1、如果之前没有发生事件，程序就阻塞在select处，当然不会一直阻塞，因为epoll在timeout时间内如果没有事件，也会返回；
2、一旦有对应的事件发生，poll0方法就会返回；
3、processDeregisterQueue方法会清理那些已经cancelled的SelectionKey；
4、updateSelectedKeys方法统计有事件发生的SelectionKey数量，并把符合条件发生事件的SelectionKey添加到selectedKeys哈希表中，提供给后续使用。

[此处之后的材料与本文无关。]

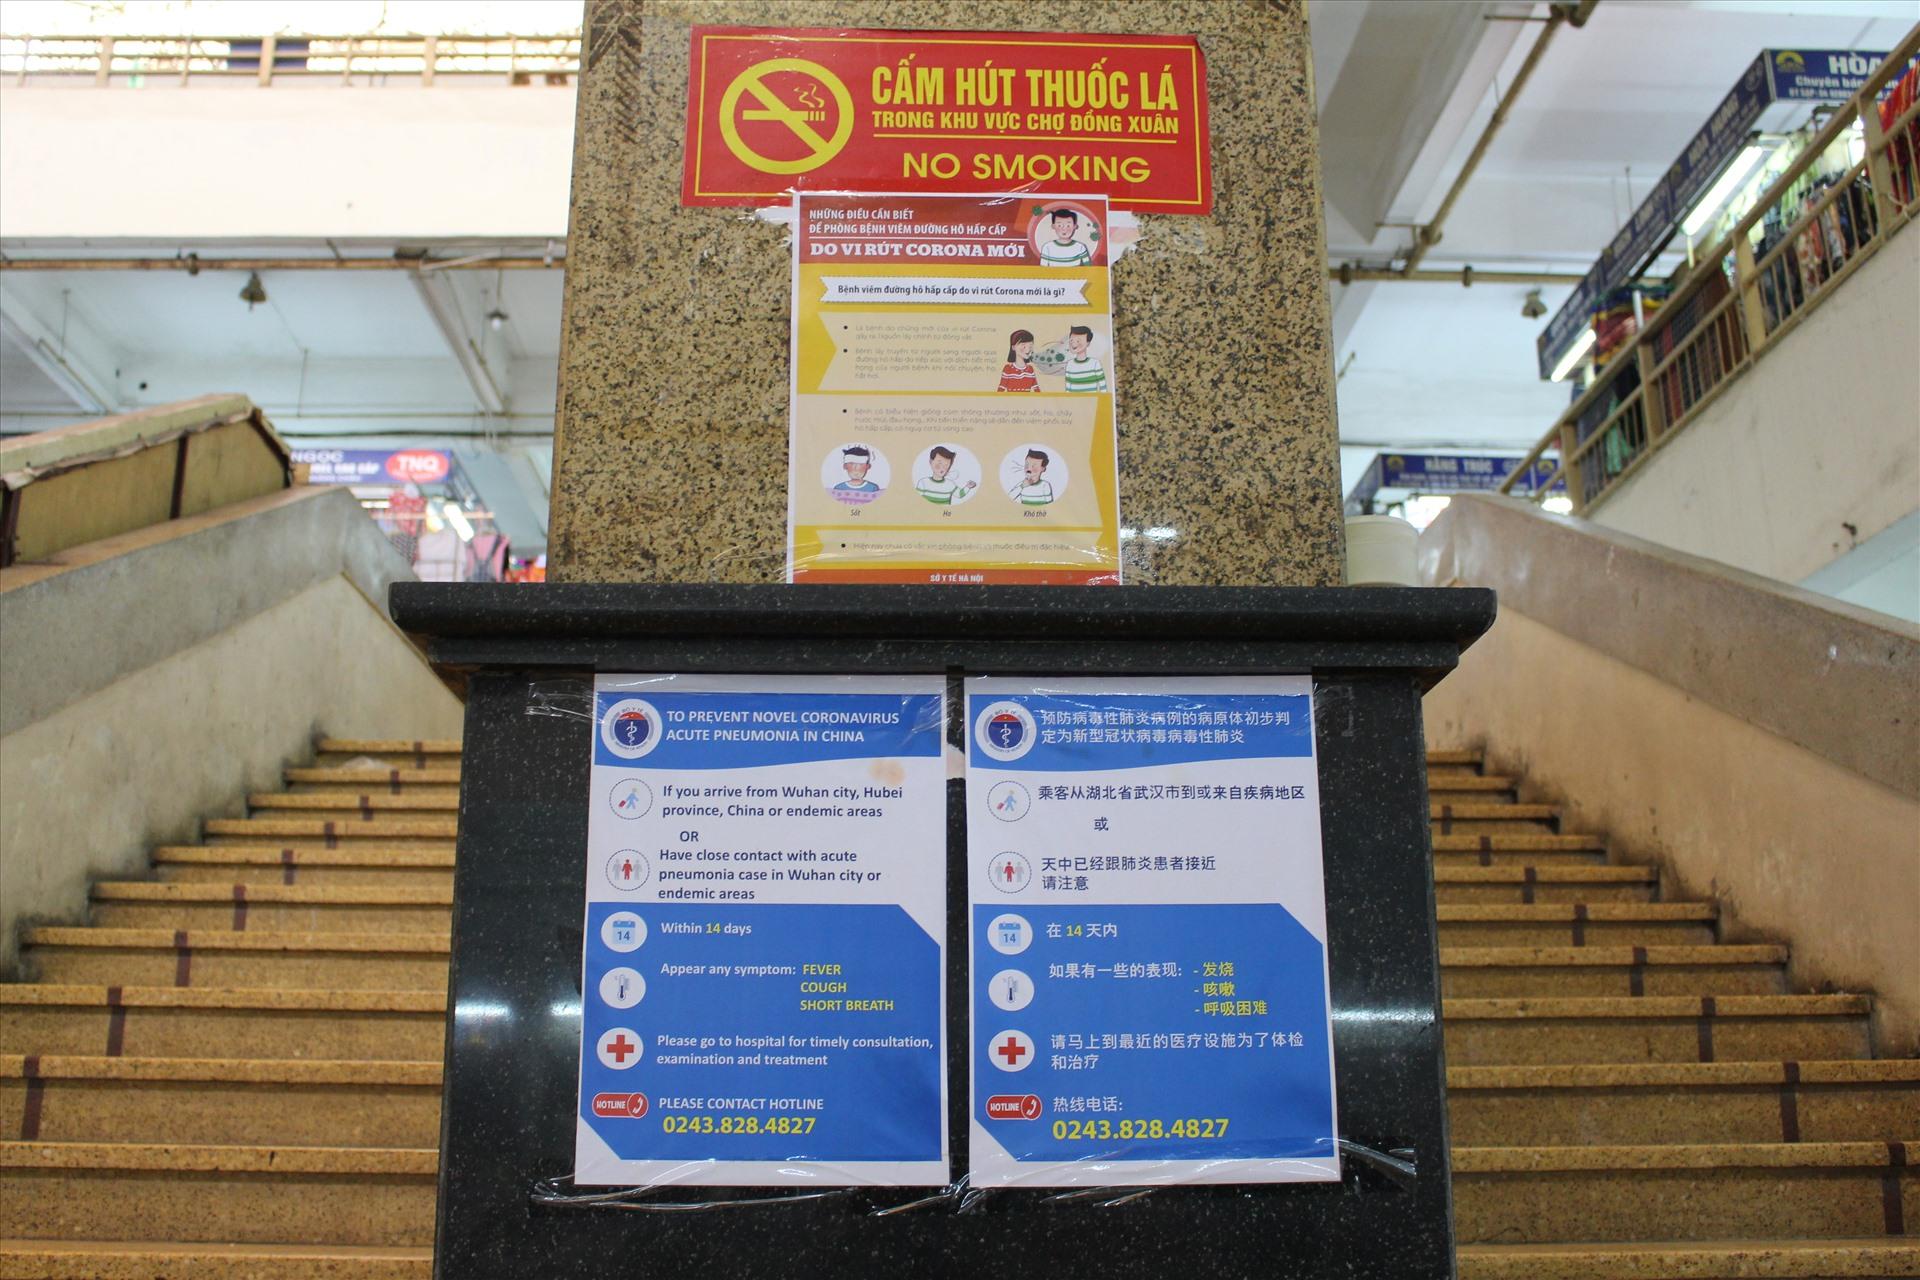 Các hướng dẫn về cách rửa tay và đeo khẩu trang đúng cách (cả Tiếng Anh và Tiếng Trung ) được dán tại các cầu thang trong khu chợ với hy vọng đẩy lùi bệnh để mang lại thu nhập ổn định cho các tiểu thương.

在早期的JDK1.4和1.5 update10版本之前，Selector基于select/poll模型实现，是基于IO复用技术的非阻塞IO，不是异步IO。在JDK1.5 update10和linux core2.6以上版本，sun优化了Selctor的实现，底层使用epoll替换了select/poll。

read实现

通过遍历selector中的SelectionKeyImpl数组，获取发生事件的socketChannel对象，其中保存了对应的socket，实现如下

public int read(ByteBuffer buf) throws IOException {
    if (buf == null)
        throw new NullPointerException();
    synchronized (readLock) {
        if (!ensureReadOpen())
            return -1;
        int n = 0;
        try {
            begin();
            synchronized (stateLock) {
                if (!isOpen()) {         
                    return 0;
                }
                readerThread = NativeThread.current();
            }
            for (;;) {
                n = IOUtil.read(fd, buf, -1, nd);
                if ((n == IOStatus.INTERRUPTED) && isOpen()) {
                    // The system call was interrupted but the channel
                    // is still open, so retry
                    continue;
                }
                return IOStatus.normalize(n);
            }
        } finally {
            readerCleanup();        // Clear reader thread
            // The end method, which 
            end(n > 0 || (n == IOStatus.UNAVAILABLE));

            // Extra case for socket channels: Asynchronous shutdown
            //
            synchronized (stateLock) {
                if ((n <= 0) && (!isInputOpen))
                    return IOStatus.EOF;
            }
            assert IOStatus.check(n);
        }
    }
}

最终通过Buffer的方式读取socket的数据。

wakeup实现

public Selector wakeup() {
    synchronized (interruptLock) {
        if (!interruptTriggered) {
            setWakeupSocket();
            interruptTriggered = true;
        }
    }
    return this;
}

// Sets Windows wakeup socket to a signaled state.
private void setWakeupSocket() {
   setWakeupSocket0(wakeupSinkFd);
}
private native void setWakeupSocket0(int wakeupSinkFd);

看来wakeupSinkFd这个变量是为wakeup方法使用的。
其中interruptTriggered为中断已触发标志，当pollWrapper.interrupt()之后，该标志即为true了；因为这个标志，连续两次wakeup，只会有一次效果。

epoll原理

epoll是Linux下的一种IO多路复用技术，可以非常高效的处理数以百万计的socket句柄。

三个epoll相关的系统调用：

int epoll_create(int size)
epoll_create建立一个epoll对象。参数size是内核保证能够正确处理的最大句柄数，多于这个最大数时内核可不保证效果。
int epoll_ctl(int epfd, int op, int fd, struct epoll_event event)
epoll_ctl可以操作epoll_create创建的epoll，如将socket句柄加入到epoll中让其监控，或把epoll正在监控的某个socket句柄移出epoll。
int epoll_wait(int epfd, struct epoll_event events,int maxevents, int timeout)
epoll_wait在调用时，在给定的timeout时间内，所监控的句柄中有事件发生时，就返回用户态的进程。

epoll内部实现大概如下：

epoll初始化时，会向内核注册一个文件系统，用于存储被监控的句柄文件，调用epoll_create时，会在这个文件系统中创建一个file节点。同时epoll会开辟自己的内核高速缓存区，以红黑树的结构保存句柄，以支持快速的查找、插入、删除。还会再建立一个list链表，用于存储准备就绪的事件。
当执行epoll_ctl时，除了把socket句柄放到epoll文件系统里file对象对应的红黑树上之外，还会给内核中断处理程序注册一个回调函数，告诉内核，如果这个句柄的中断到了，就把它放到准备就绪list链表里。所以，当一个socket上有数据到了，内核在把网卡上的数据copy到内核中后，就把socket插入到就绪链表里。
当epoll_wait调用时，仅仅观察就绪链表里有没有数据，如果有数据就返回，否则就sleep，超时时立刻返回。